Disclaimer The design I ended up with did not turn out strictly “functional” as it still sometimes relies on updating objects in-place for reasons that will be outlined in this post. Though I feel a proper functional approach is possible with some tweaks.

Theory

Very an broadly an agent based model consists of agents that interact in some manner (possibly inside a simulated environment). As the model progress the state of agents are updated depending on the state of other agents and the environment. It’s usually the job of the model designer to dictate how the agents behave and also how agents interact within the model/environment.

At the core of this is the concept of representing the time evolution of the model as a causal graph.

On the graph agents are represented by nodes, and edges represent causal dependence between agents. Each agent owns its own state, so altogether the agents represent the model/simulation environment, and the graph how the components of the environment interact over time.

Each node (i.e. agent) then has:

Nodes that precede it causally: The state of these nodes then act as inputs to the update function of the node. These nodes could also be thought of as being the observed state of the model when the node updates
Downstream nodes that the node can update. This allows the node to alter the environment outside the state it owns.

Representation of an ABM as a causal graph:<br>
a) Agents are represented as nodes on a causal graph, directed edges
represent where an agent is dependent on the state of other agents, and the
direction of the arrows indicate the direction of time direction.
Unlike a DAG computational graph the graph can be recursive with agent
updating at multiple time-steps.<br>
b) Each agent(node) has nodes in its causal past that act as
inputs/observations, and downstream nodes that it can alter. — Representation of an ABM as a causal graph:
a) Agents are represented as nodes on a causal graph, directed edges represent where an agent is dependent on the state of other agents, and the direction of the arrows indicate the direction of time direction. Unlike a DAG computational graph the graph can be recursive with agent updating at multiple time-steps.
b) Each agent(node) has nodes in its causal past that act as inputs/observations, and downstream nodes that it can alter.
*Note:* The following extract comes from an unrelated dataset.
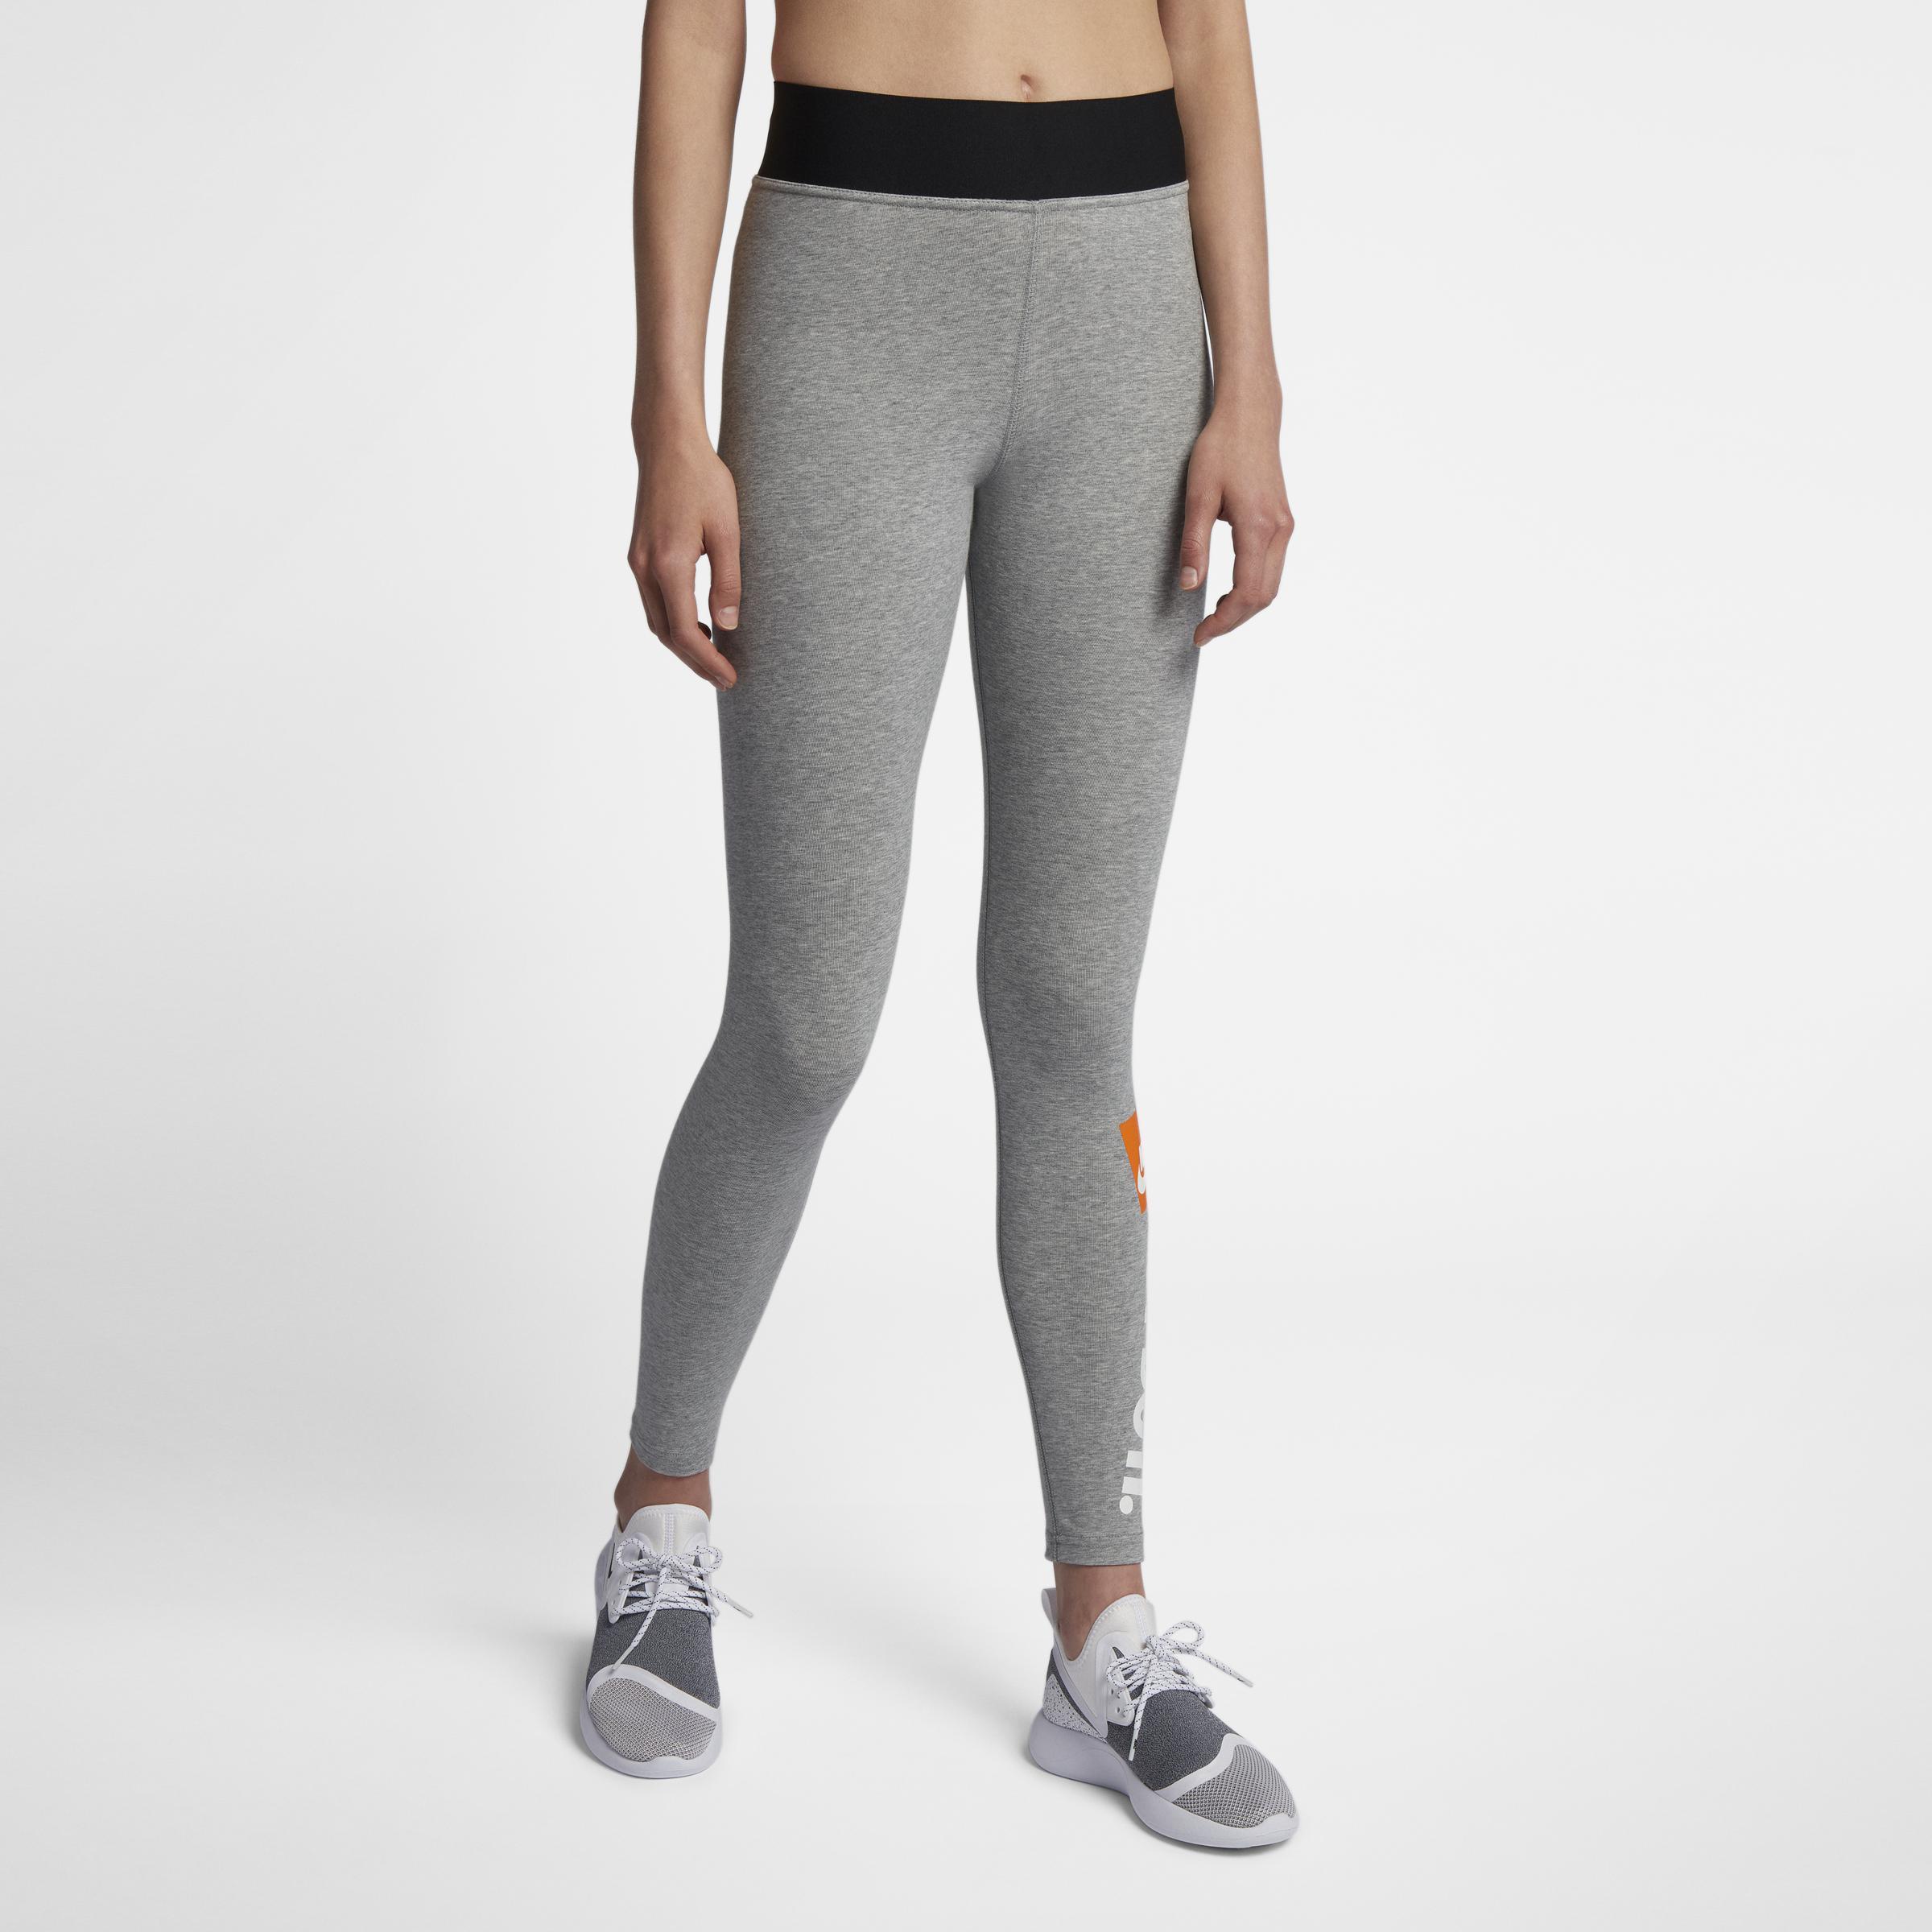 Nike Sportswear Damen-JDI-Leggings in Grau aZndn

If you are familiar with DAGS (or computational graphs, neural networks etc.)
this will likely seem familiar with the differences being that the causal graph can be recursive (as agents can update multiple times/repeatedly) and the agents are stateful.

To represent this in a functional framework we break up an agent definition into two components

The state of the agent
An update function that is called when the agent is updated

When the agent is updated, its update function is called with the states of the preceding agents and the current state of the agent as arguments. The update function then returns the new state of the node, and any updates to the state of downstream nodes.

Implementation

`@agent` Decorator

An agents behaviour can be defined by decorating an update function with the @agent decorator. The function should have the signature

@agent(scheduler=scheduler)
def foo(t, antecedents, state, descendants):
    # Update state and descendants
    ...
    return next_event_time

When the update function is called the arguments will be

t: The current model time
antecedents: Data structure containing the states of preceding nodes
state: The state of the node that is updating
descendants: Data structure containing states of descendant nodes that this node can update

and it returns one value, the time this agent will next update.

The decorator argument scheduler is a class that controls when agents are called and should be provided when the agent is defined (provided as part of the package).

In this example the decorator would create a new type (class) called foo wrapping the update function and allowing it to be used as a component of the model.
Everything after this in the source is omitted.